1.2 — Aquarium 90 × 45 × 50 cm

(a) Capacity = 90 × 45 × 50 = 202 500 cm³ ÷ 1000 = 202.5 L.
(b) Water depth = 50 − 4 = 46 cm. V = 90 × 45 × 46 = 186 300 cm³ = 186.3 L.
(c) After removing 9 L: 186.3 − 9 = 177.3 L remain.

1.3 — Pool 8 m × 4 m × 1.5 m

(a) V = 8 × 4 × 1.5 = 48 m³ = 48 kL.
(b) Chlorine = (48 ÷ 10) × 80 = 4.8 × 80 = 384 mL.

1.4 — Concrete path around 8 × 5 m bed (1.2 m wide, 10 cm thick)

(a) Outer dimensions = (8 + 2 × 1.2) × (5 + 2 × 1.2) = 10.4 m × 7.4 m.
(b) Path area = 10.4 × 7.4 − 8 × 5 = 76.96 − 40 = 36.96 m².
(c) Concrete volume = 36.96 × 0.1 = 3.696 m³.
(d) Cost = 3.696 × $180 = $665.28.

1.5 — Triangular prism box (base 60 cm, ht 40 cm, length 120 cm)

A_base = ½ × 60 × 40 = 1200 cm².
V = 1200 × 120 = 144 000 cm³ = 144 000 mL = 144 L.

2.1 — Explain your thinking (sample response)

(i) The friend's statement would be correct if the dam were a right prism with vertical walls (a rectangular prism or a cylinder), because then V = A_base × h, and doubling h while A_base stays the same doubles V.
(ii) For a real dam, the cross-section is not constant — the walls slope outwards as you go up, so the surface area at the top is bigger than at the bottom.
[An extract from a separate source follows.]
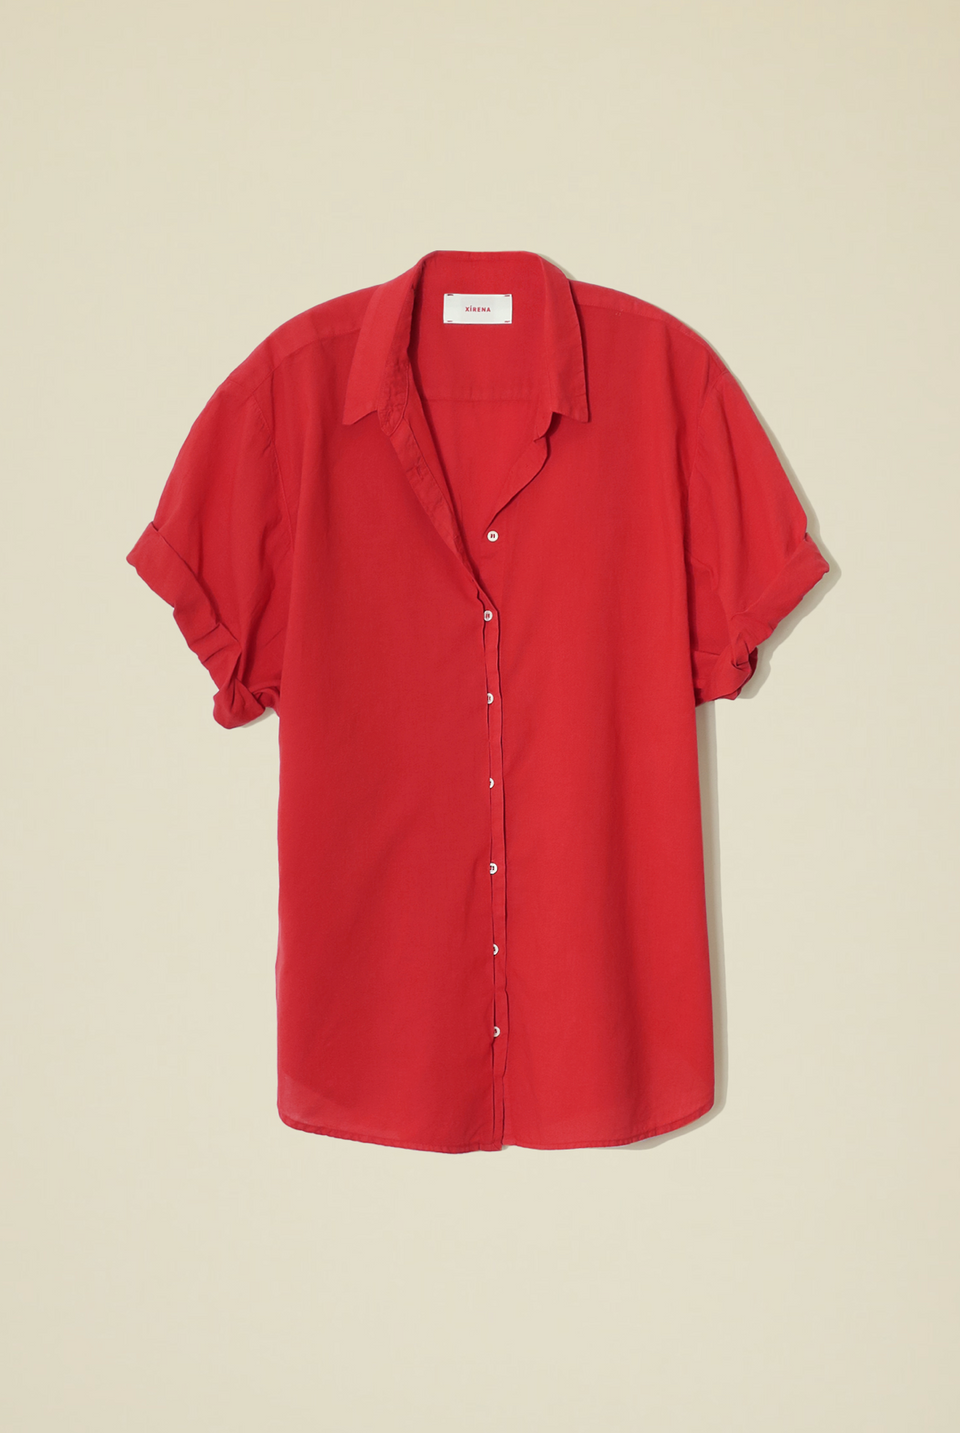 Channing Shirt - Redstone

Doubling the depth more than doubles the volume because the upper layers are wider, so the friend's "× 2" rule under-estimates the actual capacity.
(iii) For a prism, doubling the base area would also double the capacity (V = A_base × h is symmetric: double either factor and V doubles). For a rectangular base, that could mean doubling the length, or doubling the width, but not doubling both (that would quadruple the capacity).

Marking: 1 for naming a prism/cylinder as the shape where the rule works, 1 for explaining why a real dam shape breaks it (sloping walls / wider at top), 1 for the alternative of doubling base area, 1 for explicit reference to V = A_base × h.